Treasuring Jesus

The one thing we have to avoid above everything else in our Christian lives is this fatal tendency to live the Christian life apart from a direct, living and true relationship to God. ~ Martin Lloyd Jones

Here’s the challenge I believe many of us struggle with: we aren’t really sure how to foster and nurture a relationship with the holy, living, powerful God of all creation!

I mean, God is God and we are not.

We’re just mere human beings stuck here on planet earth.

But remember, early in Genesis, before the fall of man, God and man lived in close, intimate relationship!

  • There was trust
  • There was enjoyment.
  • There was security.
  • There was purpose.
  • There was peace.

And through the work of Jesus on the cross, God has purposed to bring human beings back into an abiding relationship with Himself.

That is the primary theme of our entire Bible! God’s intent is to once again to walk with us as he did with Adam and Eve in the Garden.

We were made to BE WITH GOD!

When we pursue God for relationship, God ceases to be a device we employ or a commodity we consume. Instead, knowing God in a personal way becomes the primary passion of our existence.

Matthew 13:44-46 says:

 “The kingdom of heaven is like treasure hidden in a field, which a man found and covered up. Then in his joy he goes and sells all that he has and buys that field. Again, the kingdom of heaven is like a merchant in search of fine pearls, who, on finding one pearl of great value, went and sold all that he had and bought it.”

Perhaps a question to process in the quietness of our own hearts is this: Do I possess such a single-mindedness when it comes to pursuing my relationship with God?

You know, God’s big plan in sending Him to earth was for him to die for our sins on the cross. But here’s another big purpose that God came to earth in human form: Through Jesus, we get to see what God is like in a form we can better understand.

It’s interesting to see that in the Gospel accounts, some people were found Jesus repelling. And at the same time, others found Jesus extremely attractive, winsome and desirable.

Those who found Jesus to be annoying were the proud, the religious, the established. To them, Jesus was a threat to their social standing and religious practice.

But others saw in Jesus all sorts of compassion, power, grace and truth.

Skye Jethani observes:

Those who saw Jesus true value crawled over one another to be closer to Him. This was particularly the case among the marginalized and forgotten in society – The tax collectors, prostitutes and sinners who had been denied access to God by the other religious postures of the day. These undesirables swarmed Jesus wherever He went – prompting the indignation of the religious leaders who had a vested interest in promoting their own posture of relating to God that excluded the common people.

When people come to see who Jesus is and what God is like, treasuring Him becomes the natural outcome.

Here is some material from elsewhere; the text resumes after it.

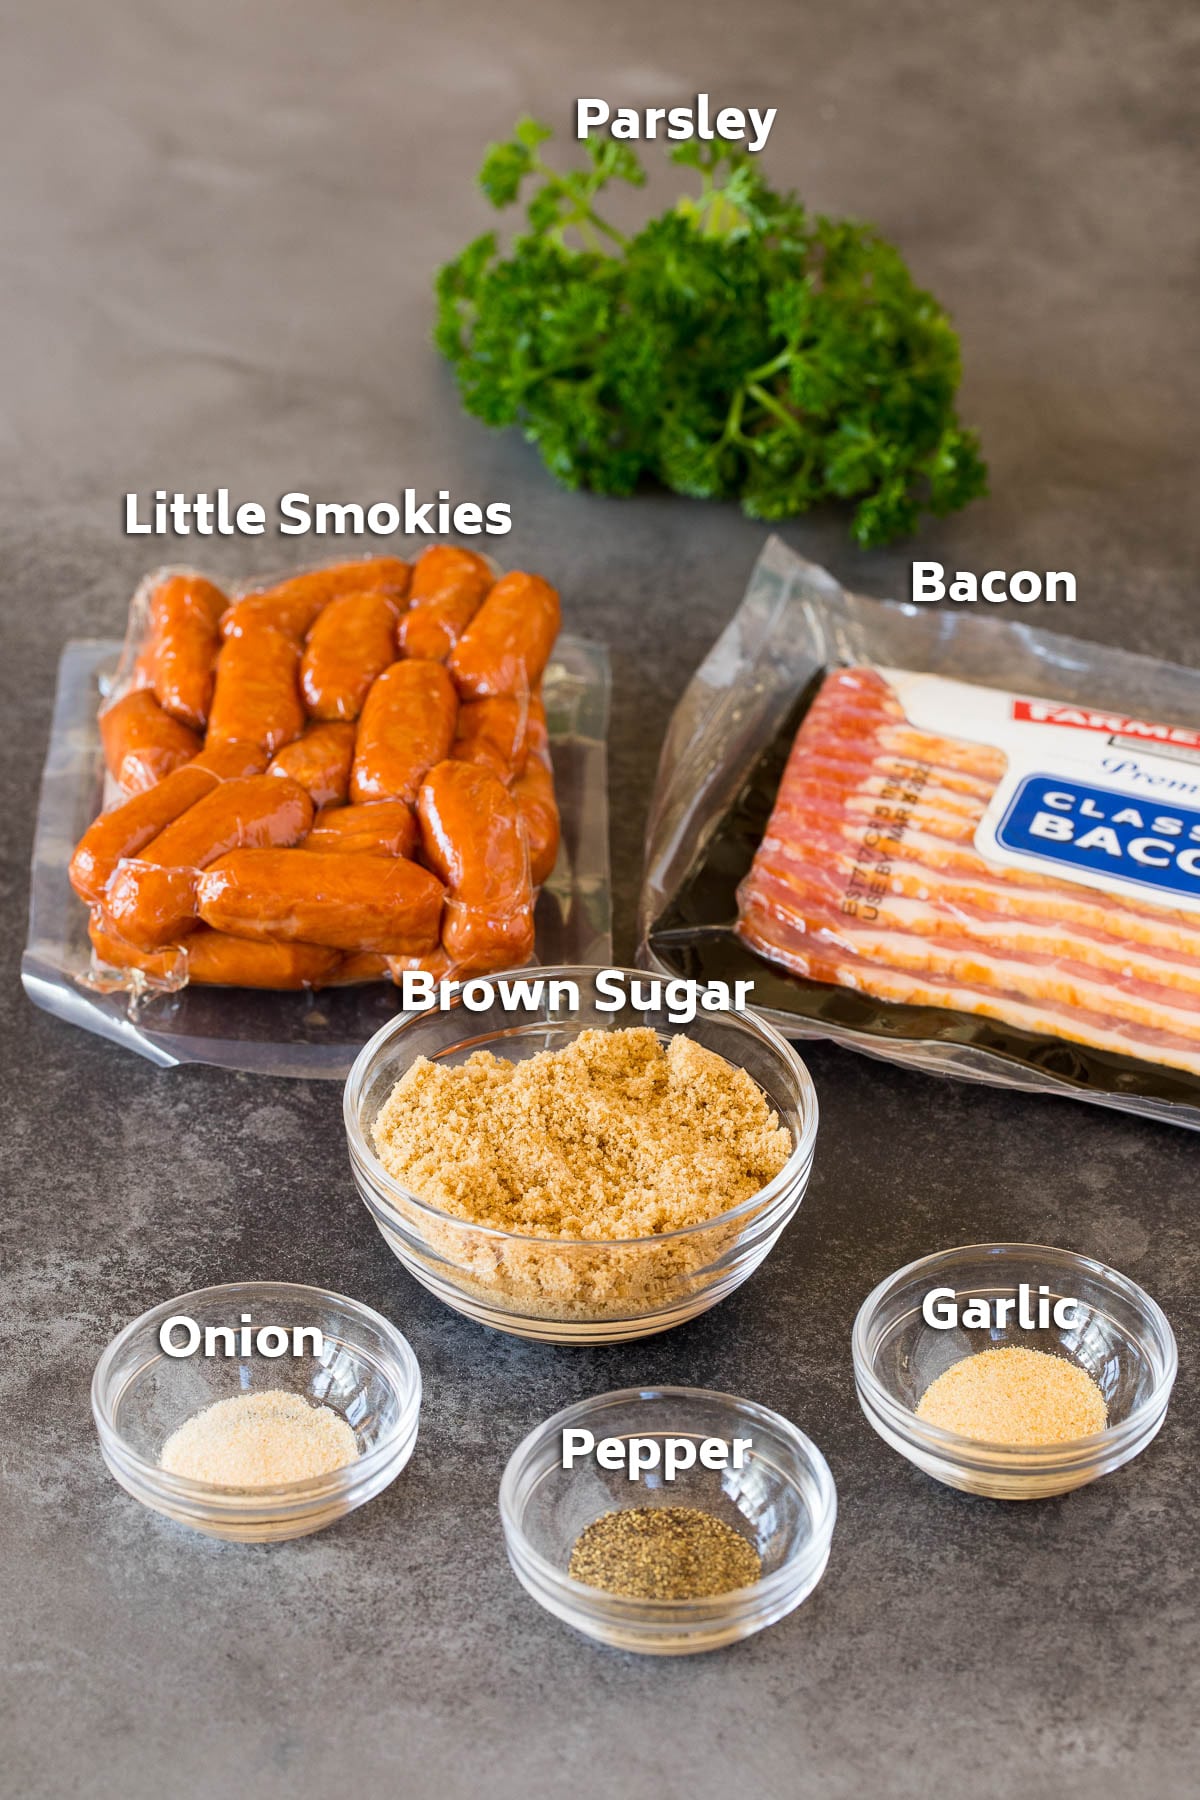 Ingredients including smokies, bacon, brown sugar and spices.

So, maybe some natural questions for us to consider include:

  • What is your treasure?
  • What is the passion and pursuit of your life?
  • If it is Jesus, how are you seeking to draw closer to Him?

Paul sure seemed to have a strong vision for what his life was all about:

Philippians 3:10-11 (ESV): I want to know Christ—yes, to know the power of his resurrection and participation in his sufferings, becoming like him in his death, and so, somehow, attaining to the resurrection from the dead.

How’s that for a life purpose statement! Paul wanted to personally know Jesus. And, he wanted to experience Jesus power in his life. Not only that, Paul even wanted to be open to the life lessons that come from suffering in order to become more conformed to the image of his Savior!

I think it’s safe to say that the foremost treasure in Paul’s life was Jesus.

Some people see Jesus as a means of avoiding an unpleasant afterlife. But Jesus is meant to be much, much more in our life.

John Piper wrote:

“Christ did not die to forgive sinners who go on treasuring anything above seeing and savoring God. And people who would be happy in heaven if Christ were not there, will not be there.

The gospel is not a way to get people to heaven; it is a way to get people to God. It’s a way of overcoming every obstacle to everlasting joy in God.